### [EXERCISE DIRECTIONS]
Output the data below exactly as it is, dropping the pictures from your copy.

### [GIVEN DATA]
◇ ◇ ◇

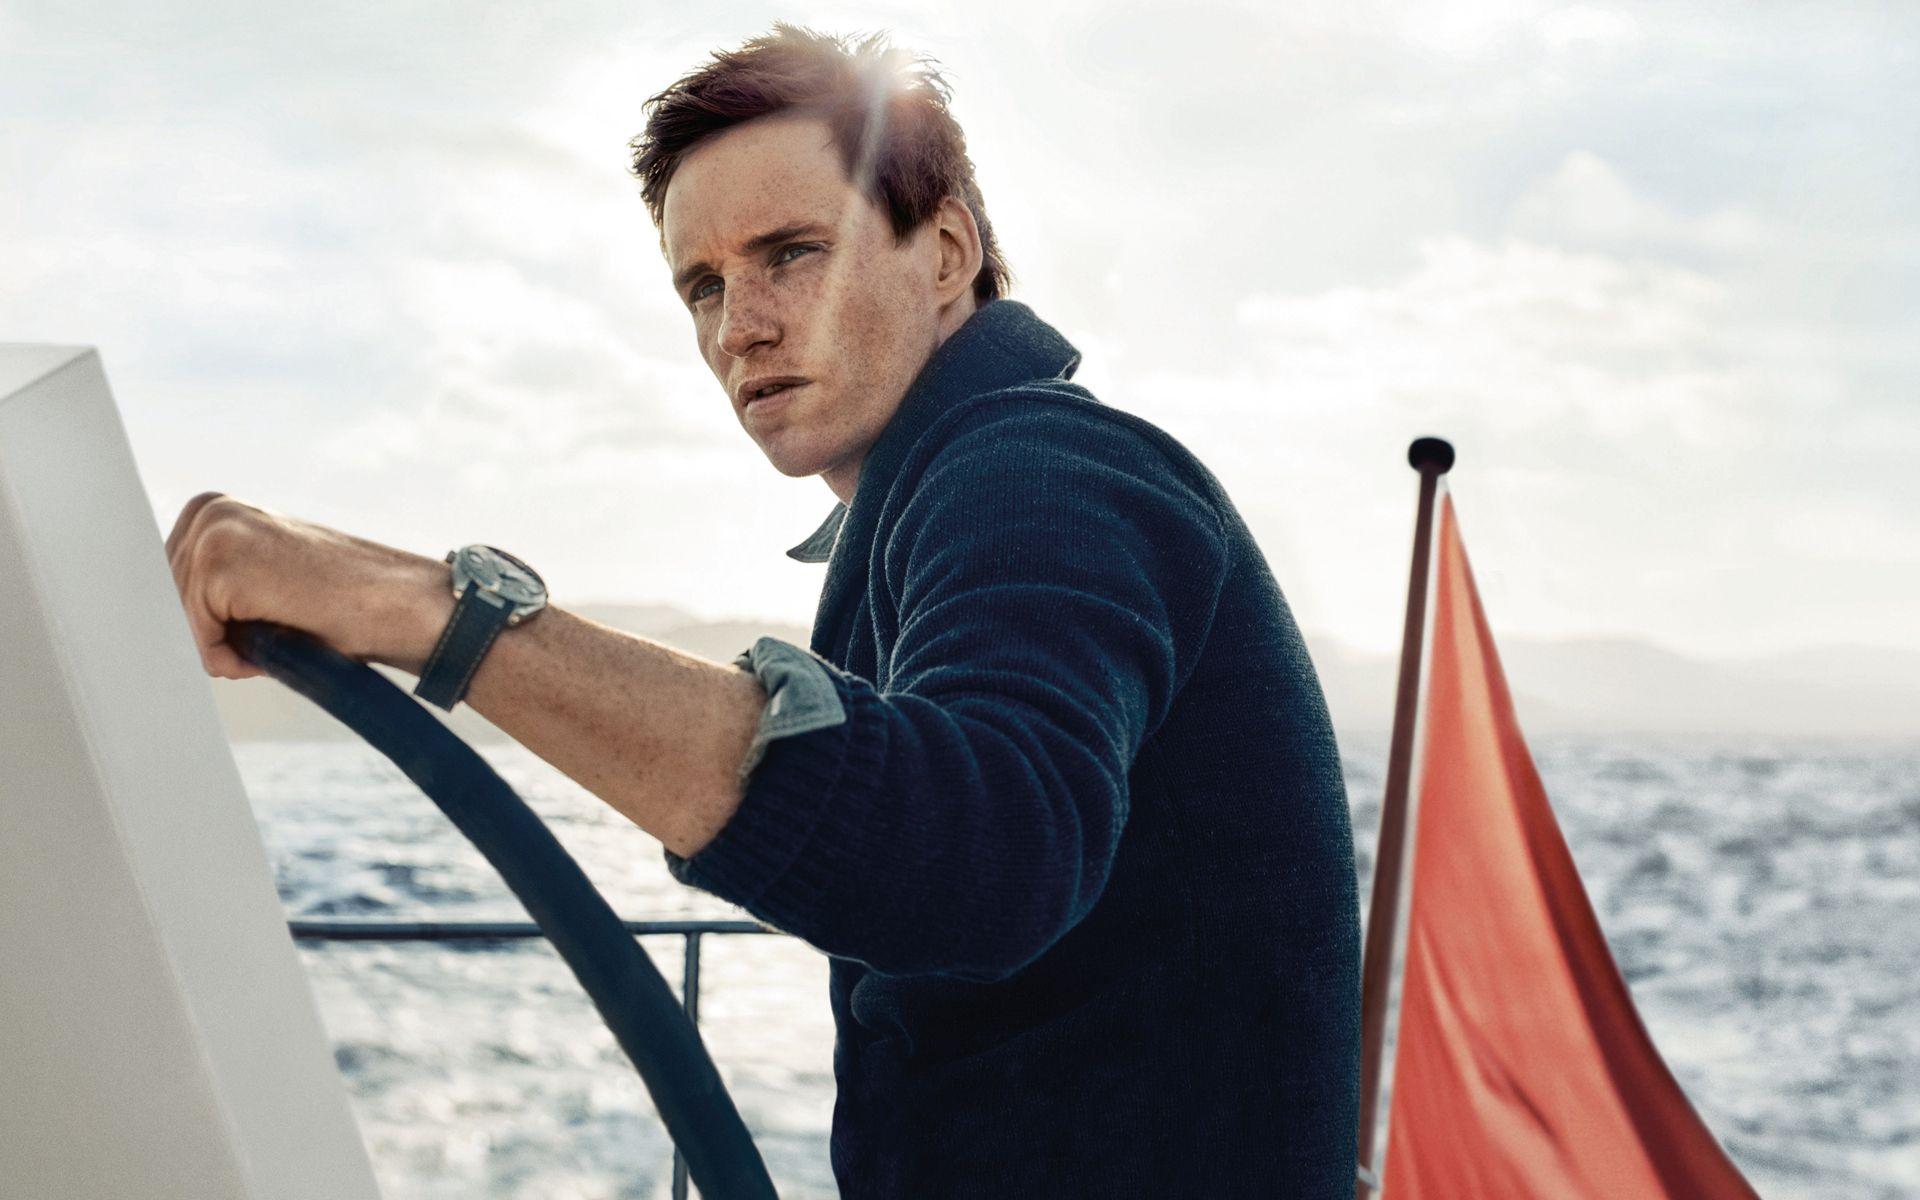 Omega Seamaster Aqua Terra: The Perfect Balance Between Sophistication And Ocean Spirit
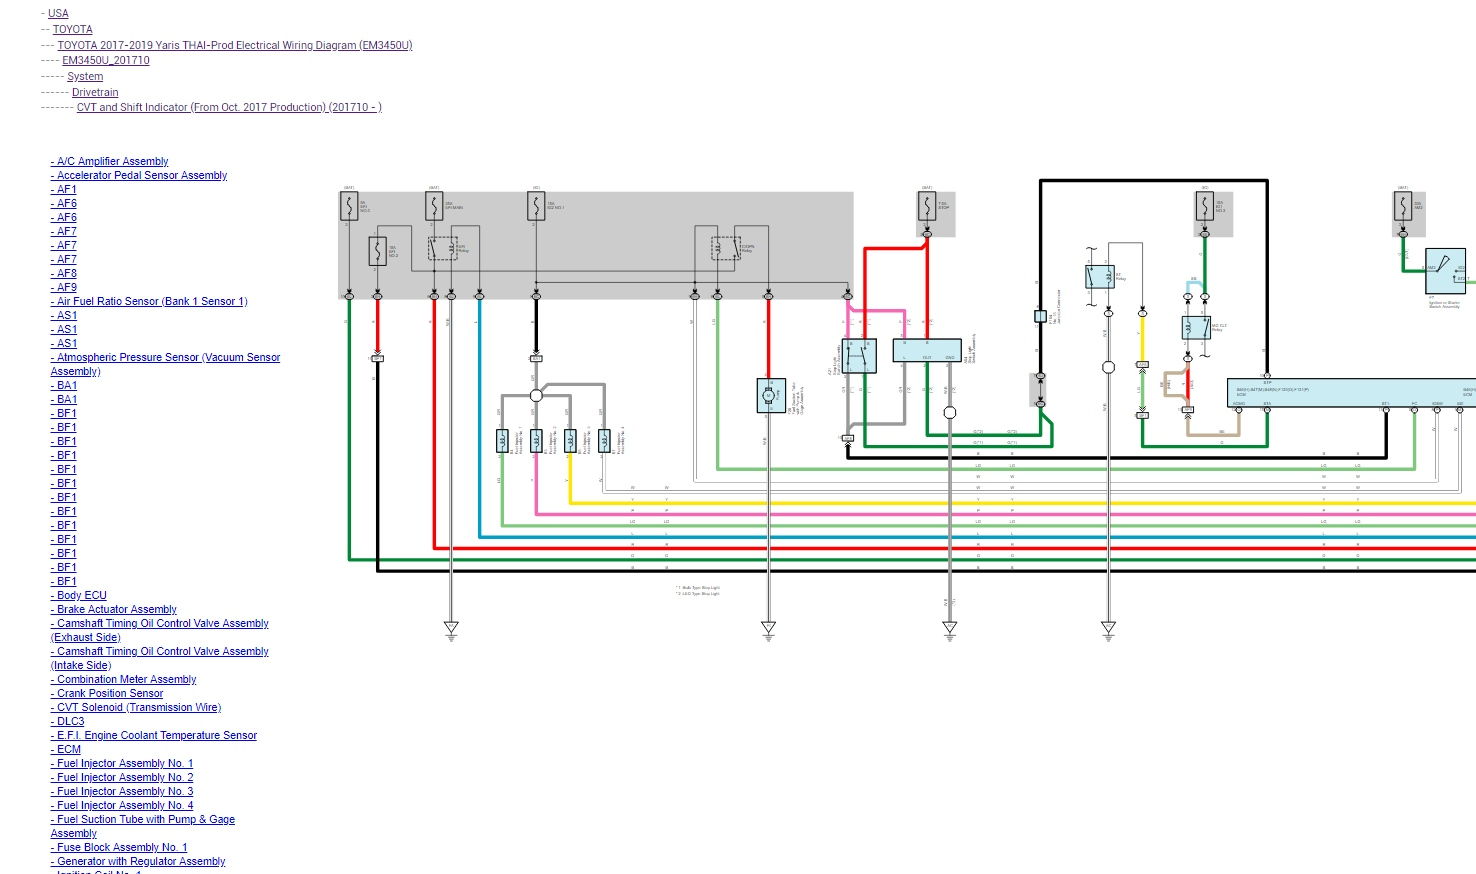 2007 Toyota Sienna Wiring Diagram from img.autorepairmanuals.ws
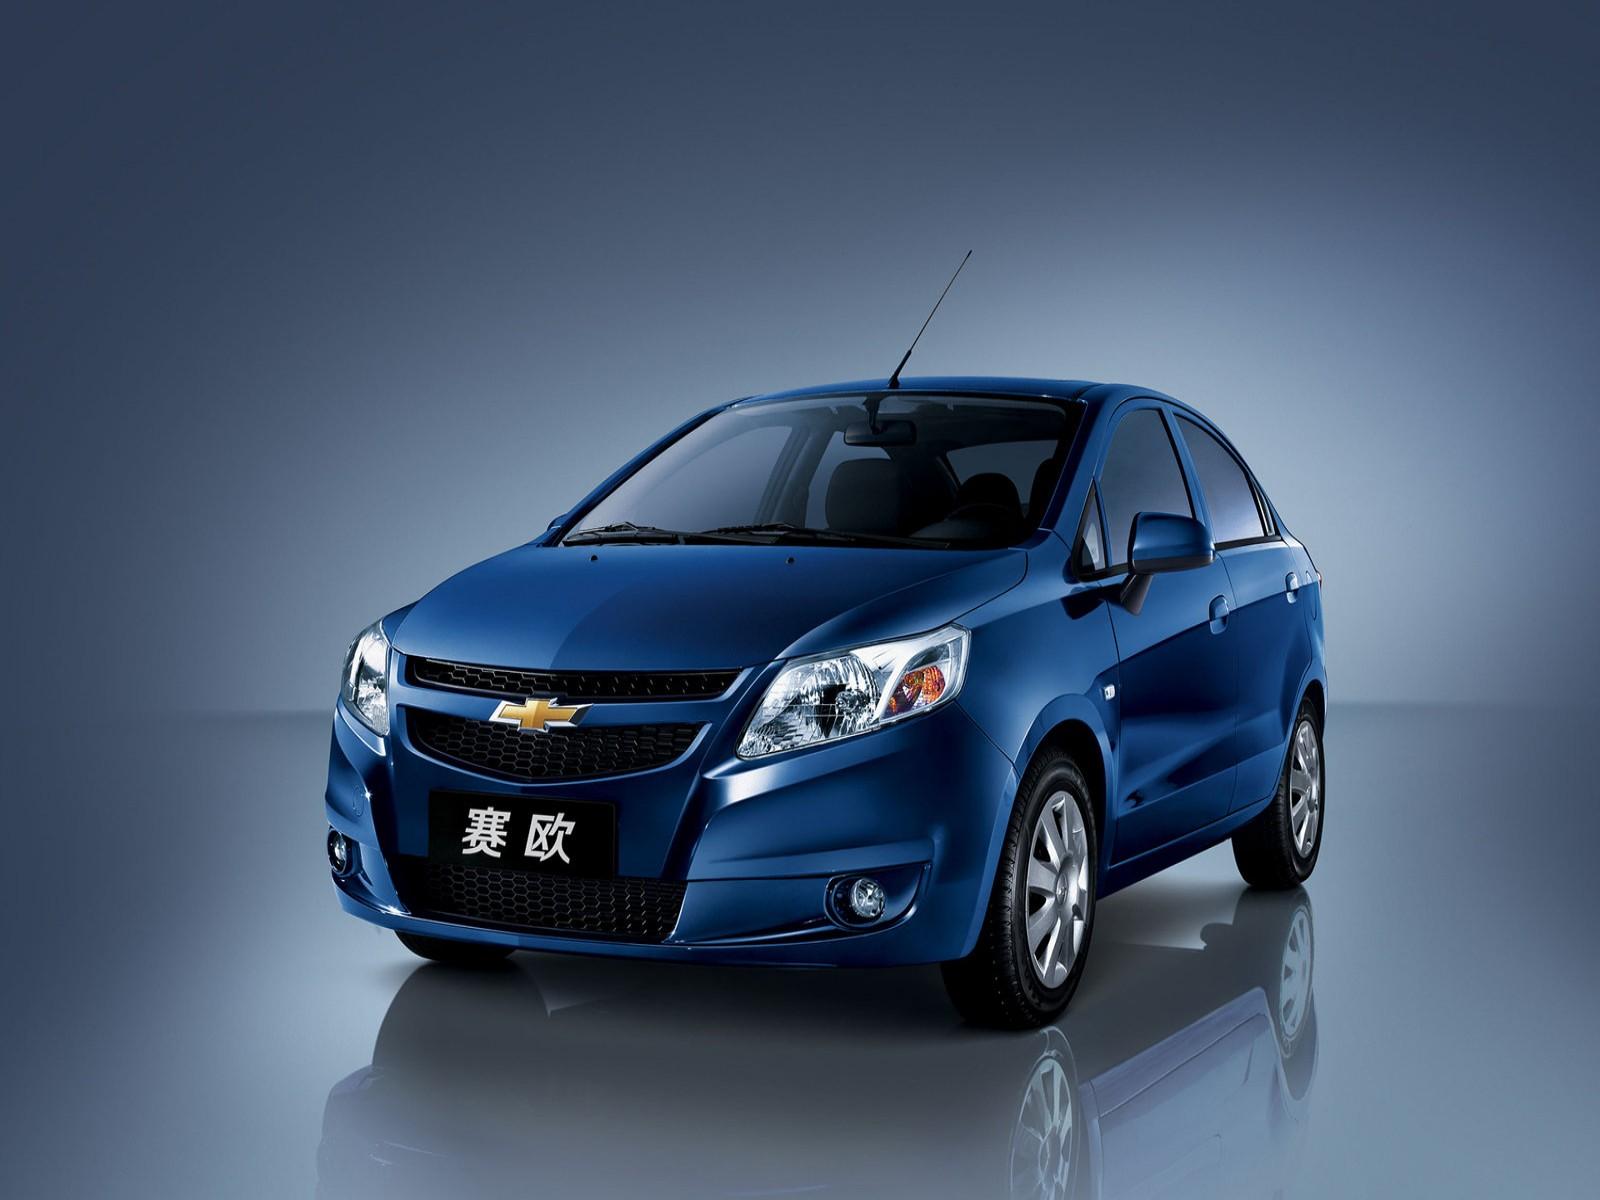 auto cars new 2011 - photo #6

◇ ◇ ◇

### [ANSWER SPACE]
 Omega Seamaster Aqua Terra: The Perfect Balance Between Sophistication And Ocean Spirit
 2007 Toyota Sienna Wiring Diagram from img.autorepairmanuals.ws
 auto cars new 2011 - photo #6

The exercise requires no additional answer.